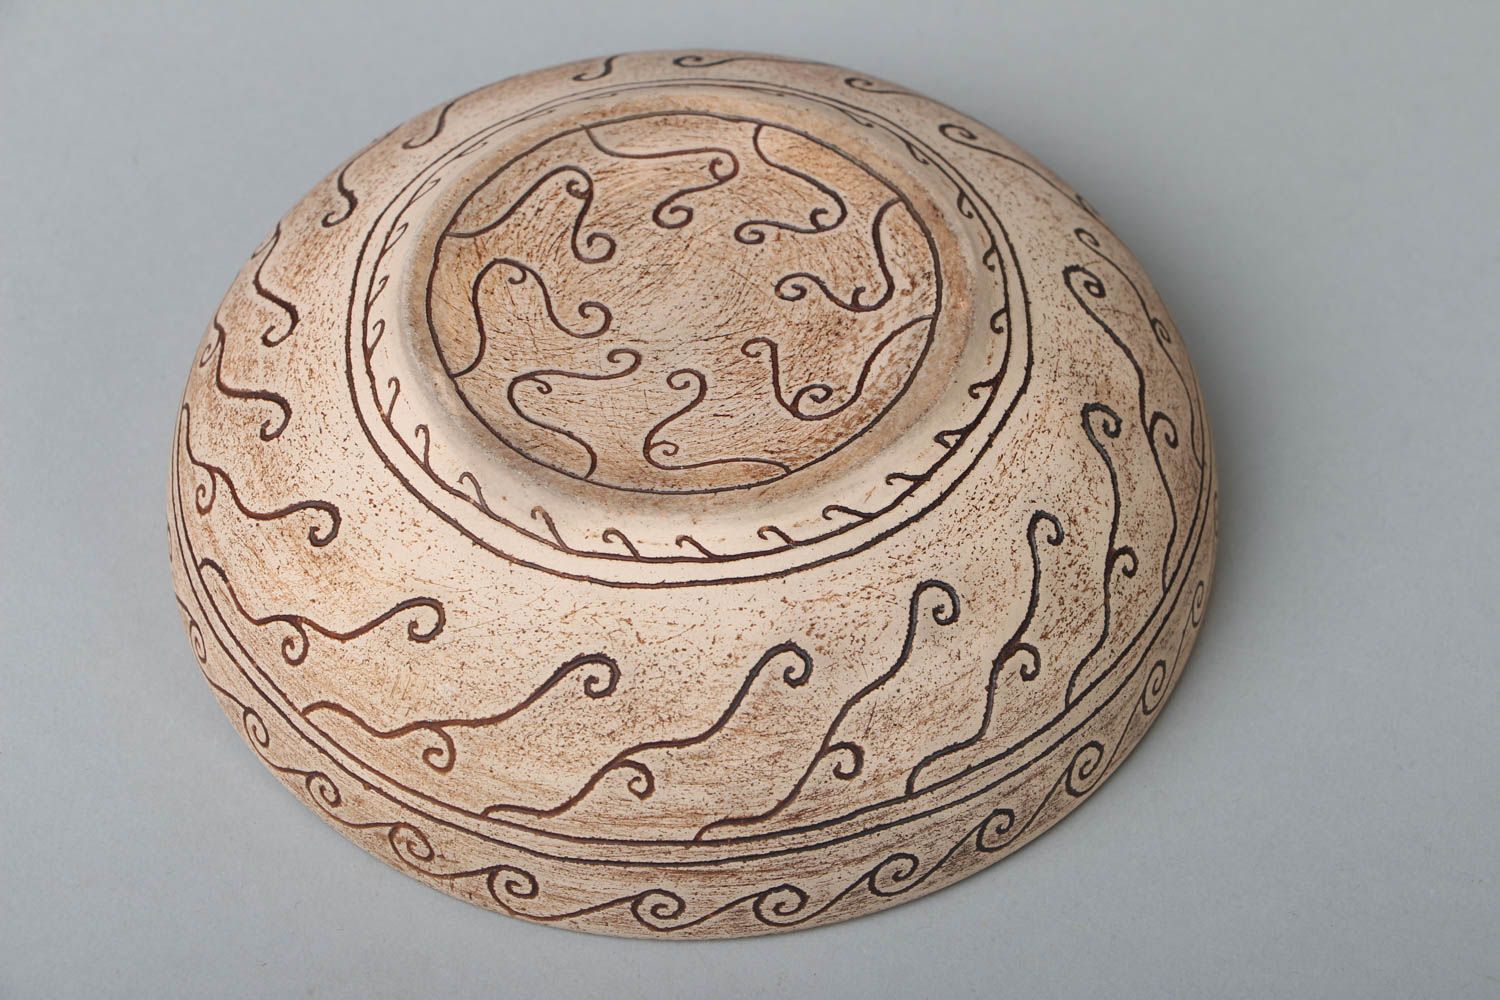 Handmade ceramic bowl photo 3
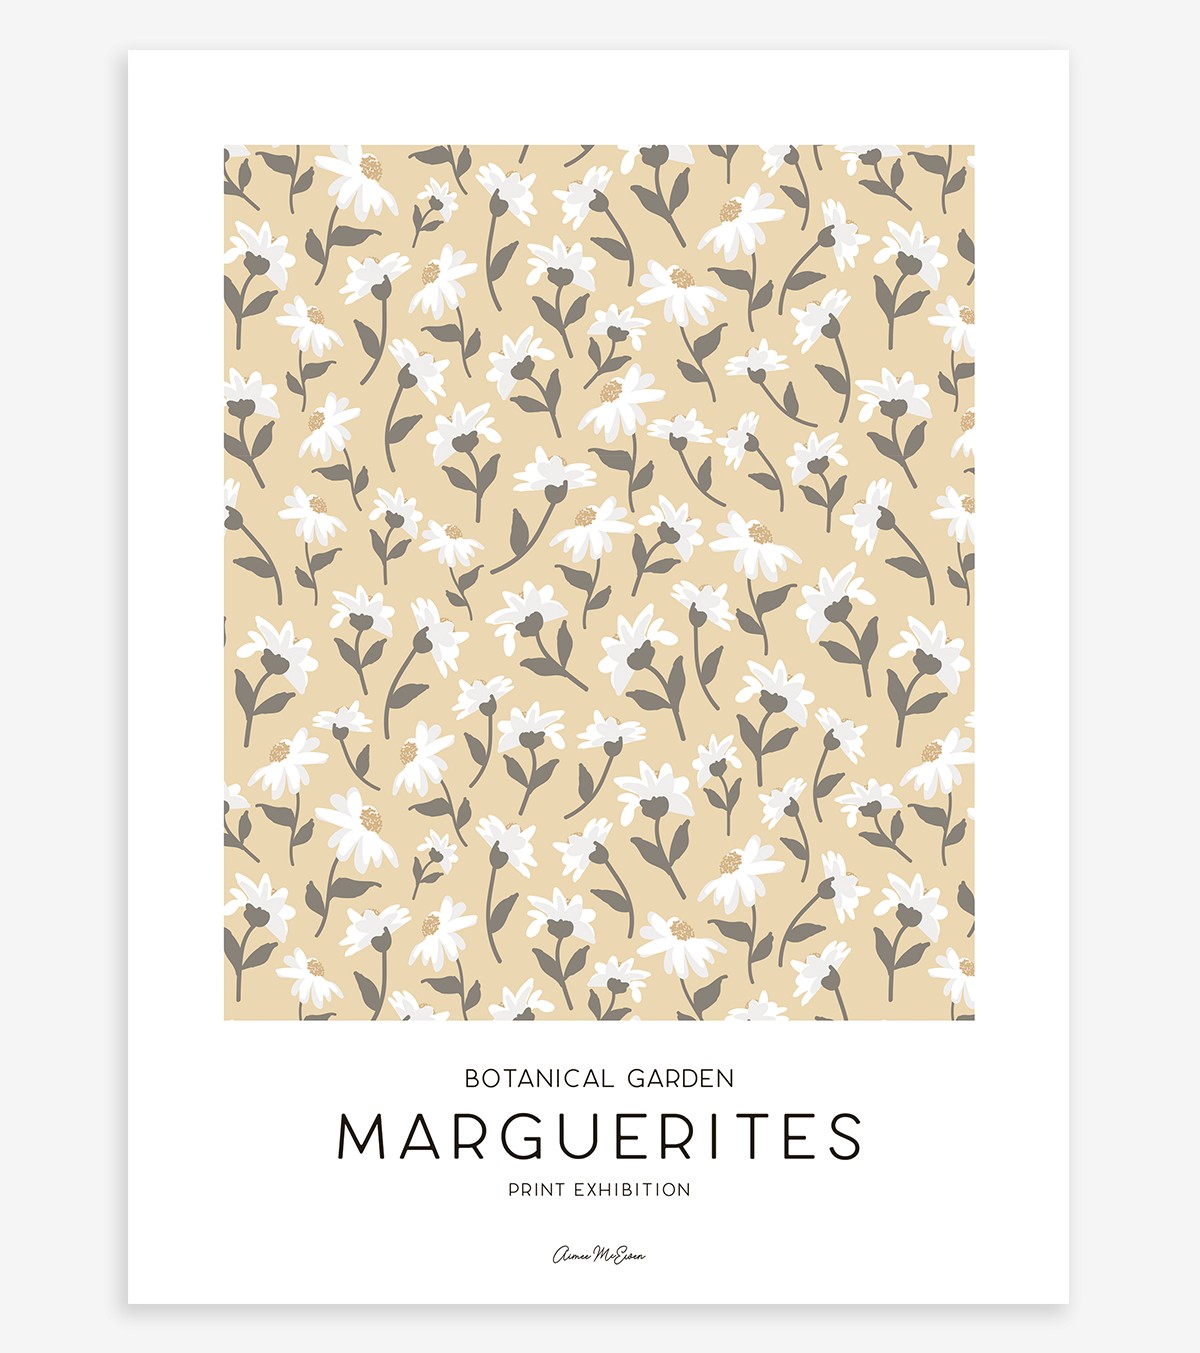 PICNIC DAY - Affiche enfant - Marguerites (moutarde)
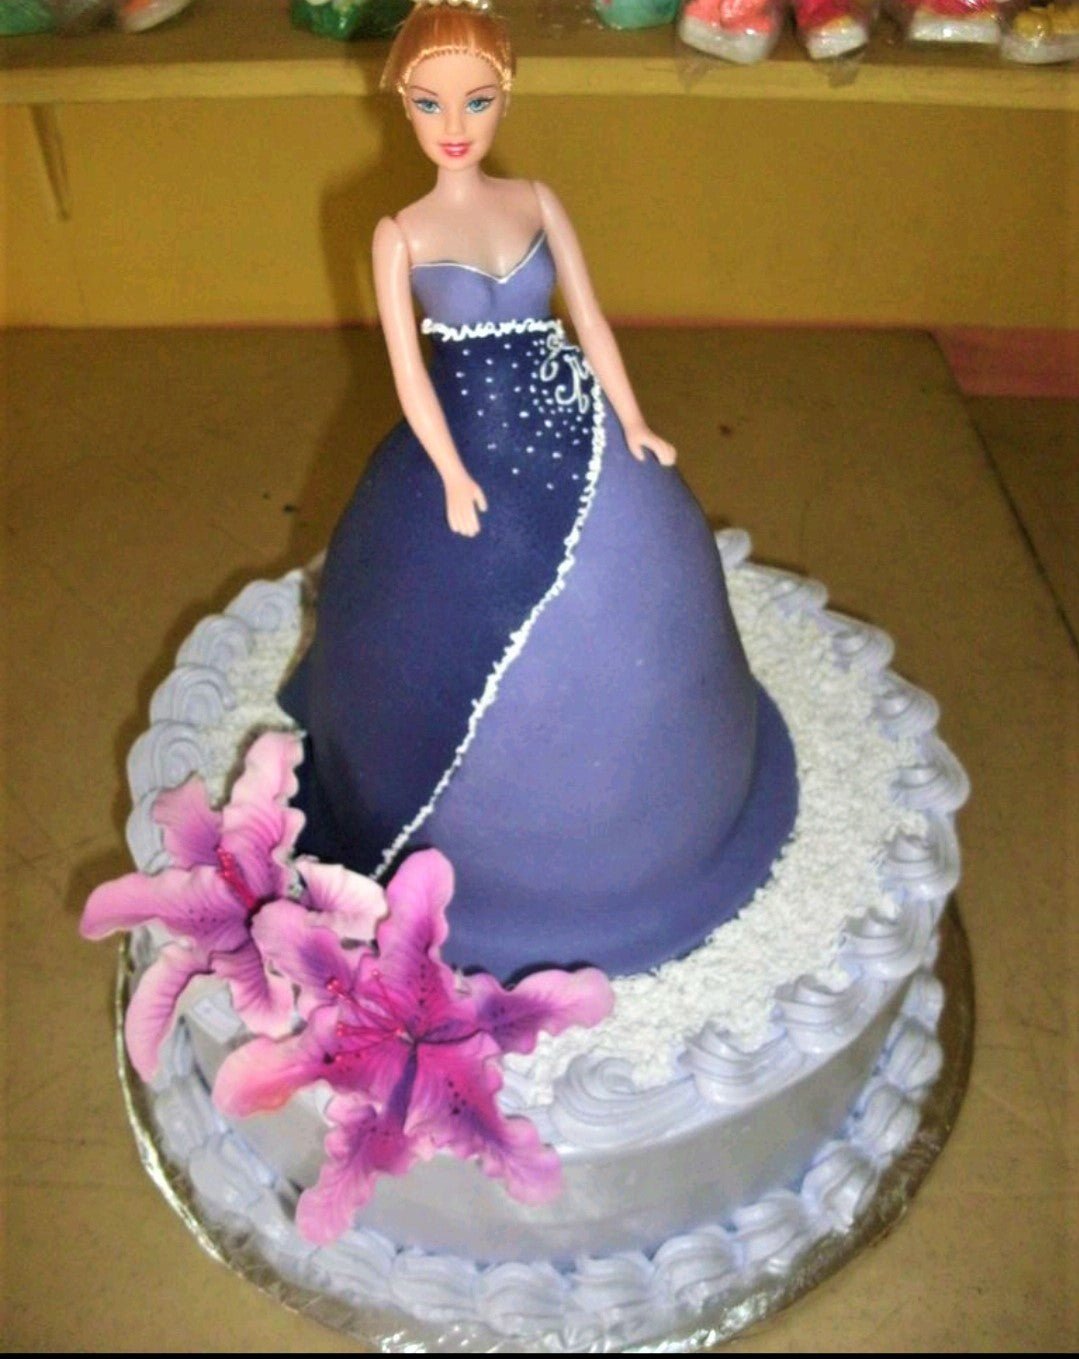 How to make Disney PRINCESS Doll CAKES - Cake decorating Ideas - YouTube
━━━━━━━━
Your assignment:
An exact copy of all the data above is required; omit any pictures.

Expected answer:
 Handmade ceramic bowl photo 3
 PICNIC DAY - Affiche enfant - Marguerites (moutarde)
 How to make Disney PRINCESS Doll CAKES - Cake decorating Ideas - YouTube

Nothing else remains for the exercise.